As you can see below there is nothing on the Aetna website on HITECH. The agreement is posted under ARRA and their HIPAA info has not been updated for this year’s changes. So there is NO resource on their site for their brokers or their customers who also need to get BA agreements in place with their brokers.

I don’t think we are reading the same statutes and rules here and I know that Aetna has better lawyers than this – and much better leadership in Mark Bertolini than most of their competitors.

What is most interesting about this communication is not just its purposely late release on a holiday weekend but its clear implication that the broker is “directly accountable” to HHS and as a “covered entity” Aetna has nothing to do with their brokers as “business associates” being in full compliance with the law. Aetna’s liabilities as a CE to their clients and brokers is a 2 way street in terms of abiding by HIPAA and HITECH and in most BA agreements I have seen the insurers clearly acknowledge this…and sent them out to their brokers from 45 to 90 days ago – even if they were unilateral.

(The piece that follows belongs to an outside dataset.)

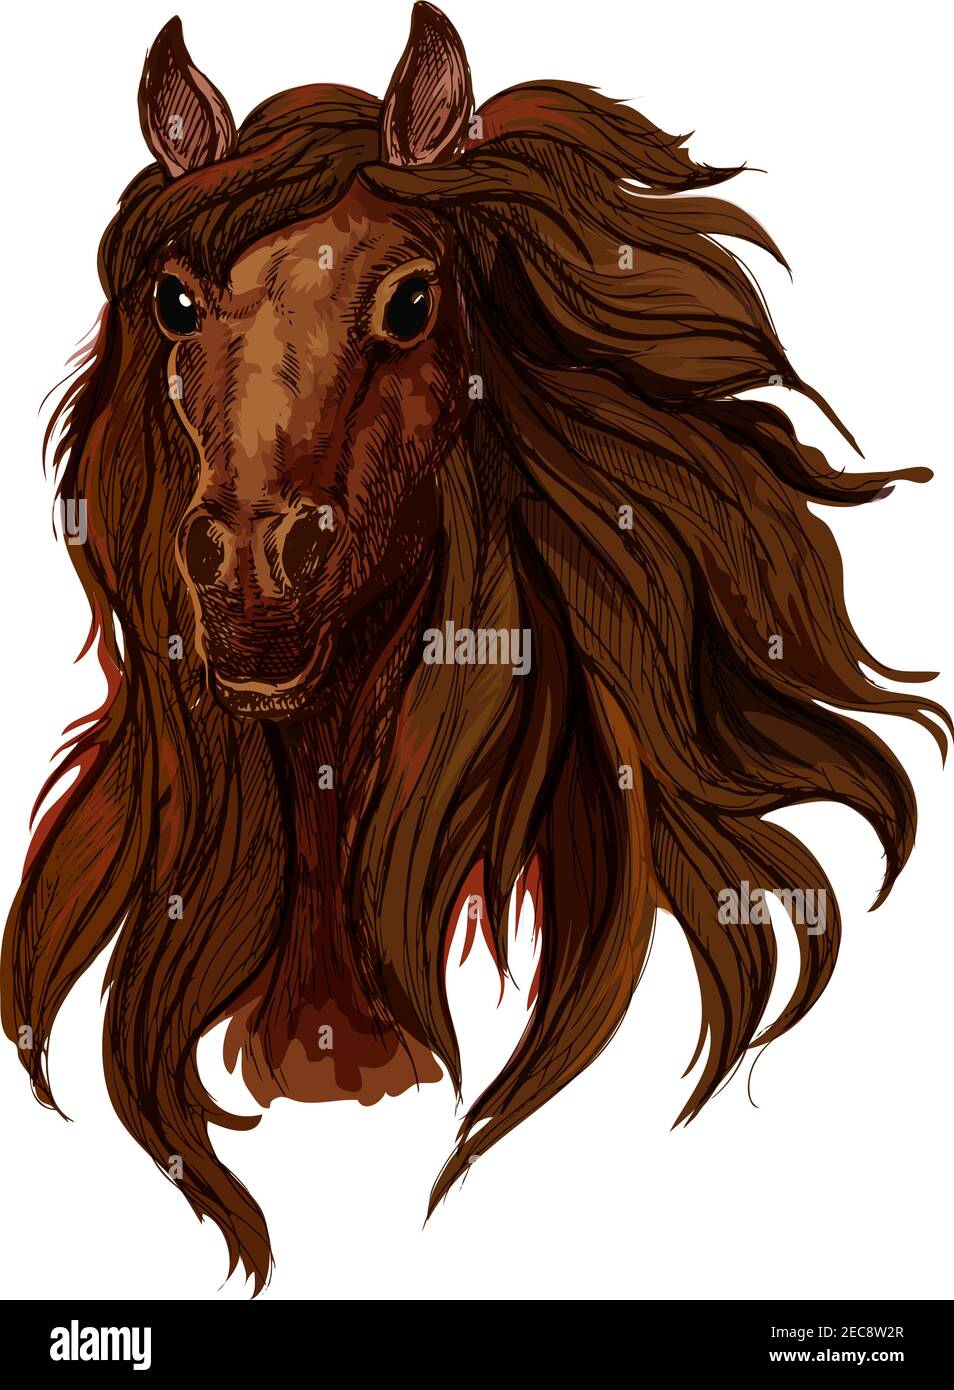 Braun Kastanie Laufpferd Porträt. Red Bay tobende Mustang mit langen welligen Mähne und glänzend schwarzen Augen Stock Vektor

If a BA had a major breach the insurer as CE is accountable for it as well. Penalties would apply to the broker but also potentially to the insurer – Aetna et al – as well.

I know insurers cannot be charged with malpractice  but their total disregard for helping educate their brokers and customers and simply trying to slide in the minimum they feel they need to cover their own butts speaks volumes to me about their commitment to truly protecting the data of all their customers and insureds.

Is providing no help or support to your sales partners and customers and trying to slide in your changes 5 days before the law takes effect “willful neglect” under the law? Not likely but it shows a lack of respect to brokers and clients alike.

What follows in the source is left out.